6. Achievement awards.

Currently, an employer can deduct up to $400 of the value of achievement awards to employees for length of service or safety. The tax exclusion is multiplied by four to $1,600 for awards under a written nondiscriminatory achievement plan. On the receiving end, employees aren’t taxed on the value of the awards that don’t exceed the employer’s deduction.

Beginning in 2018, the TCJA clarifies that the tax deduction and corresponding tax exclusion don’t apply to cash, gift coupons or certificates, vacations, meals, lodging, tickets to sporting or theater events, securities and “other similar items.” However, the tax breaks are still available for gift certificates that allow the recipient to select tangible property from a limited range of items preselected by the employer.

Reminder: This is only an overview of six of the key tax law changes affecting payroll matters. Do you have any questions about the new law’s impact on benefits? Don’t hesitate to contact your payroll providers for more details.
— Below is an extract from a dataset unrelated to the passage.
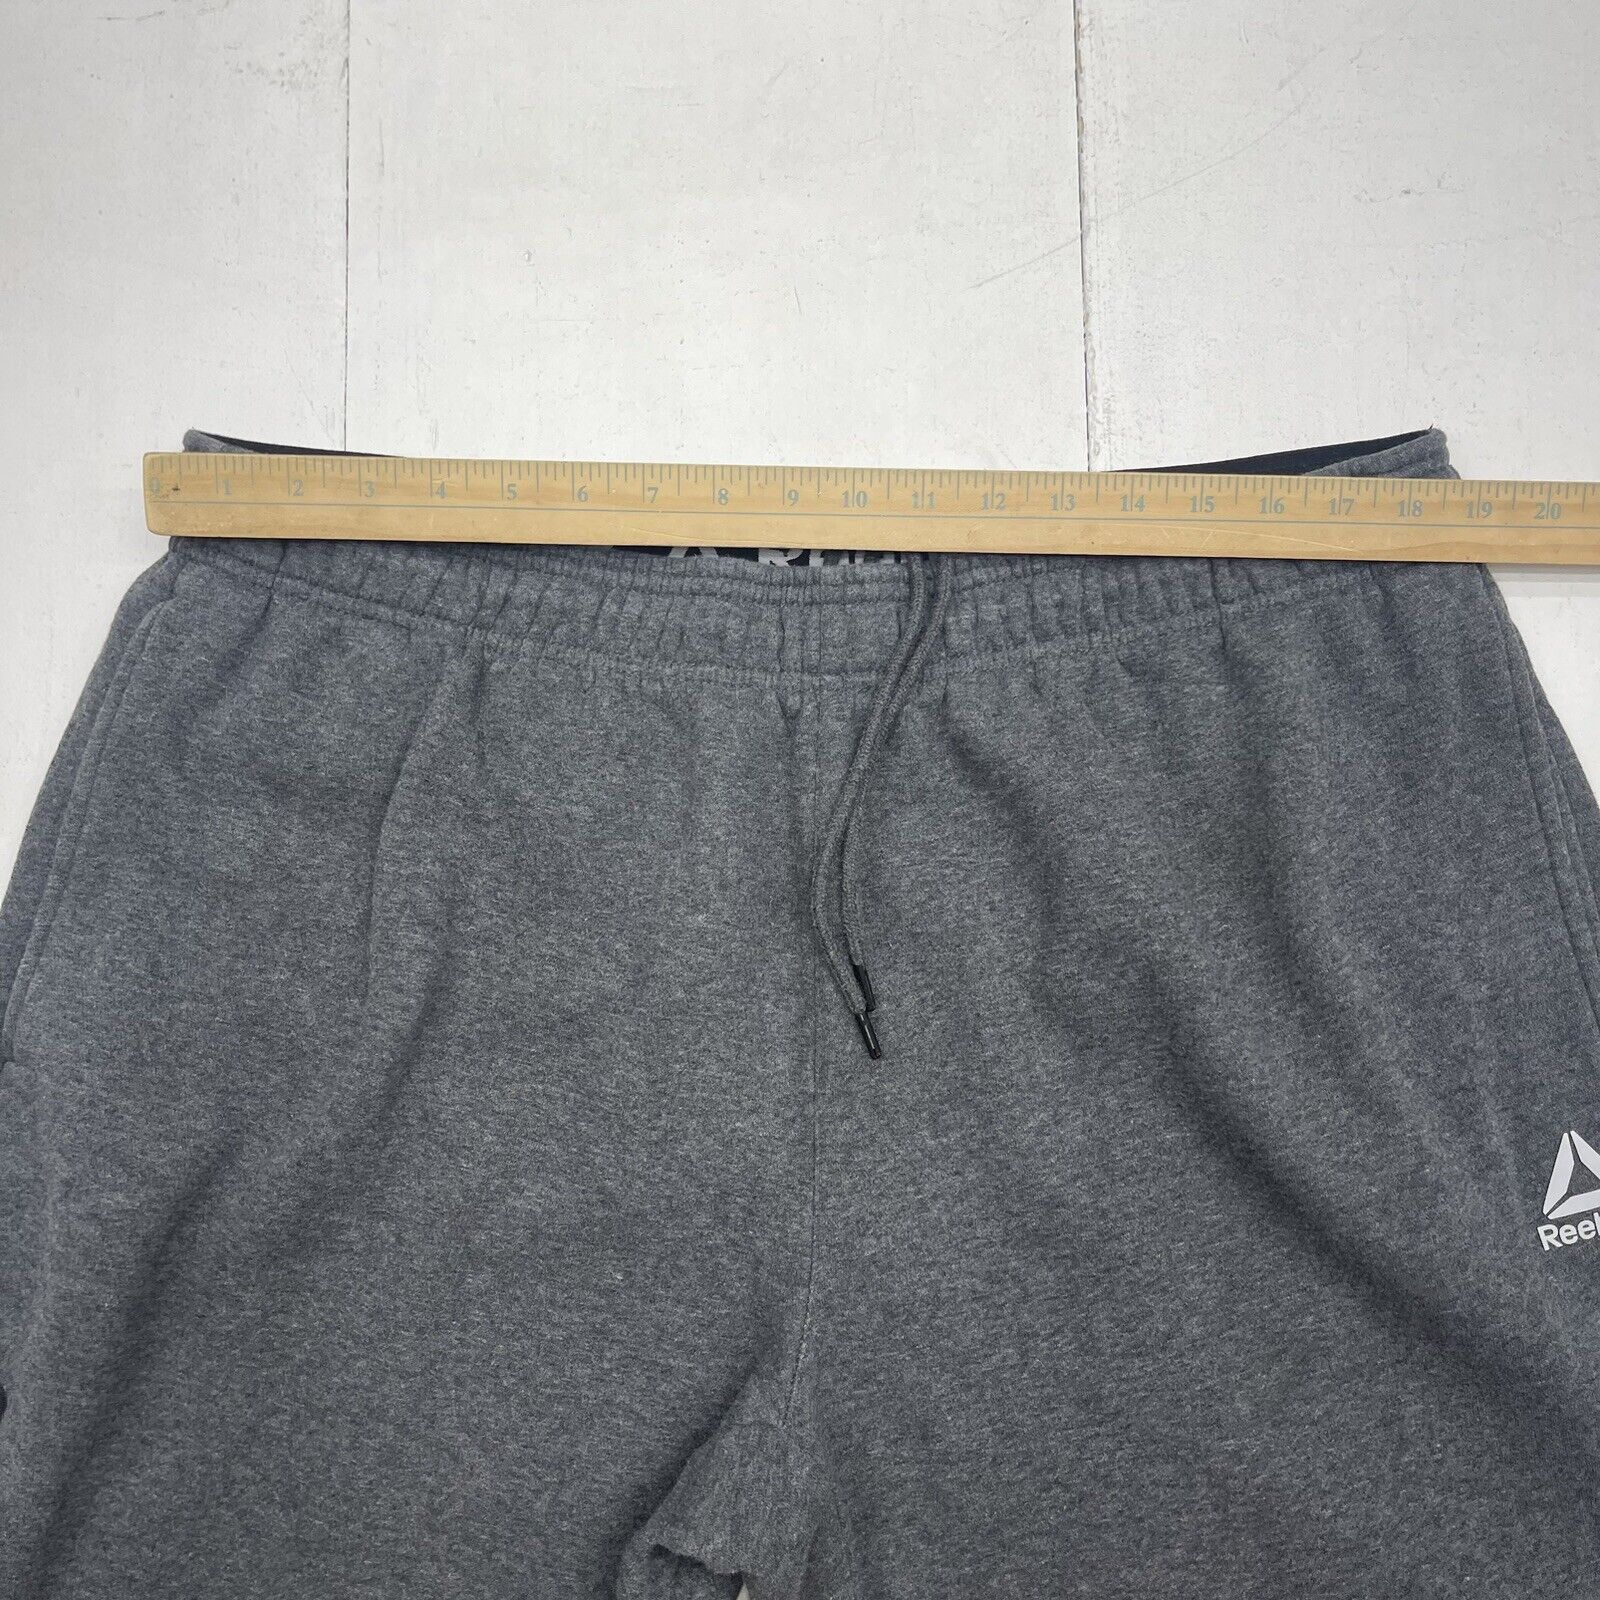 Reebok Charcoal Grey Sweatpant Joggers Mens Size 2XL - beyond exchange

Fringe Benefits Surviving the Axe

Several fringe benefit crackdowns threatened by Congress didn’t make it into the final version of the new tax law. The items on the chopping block that were eventually spared include:

  • Dependent care assistance plans,
  • Adoption assistance programs,
  • Employer-provided housing, and
  • Educational assistance programs.

Also, certain liberalizations of the hardship distribution safe-harbor rules were contemplated, but eventually skipped by the lawmakers.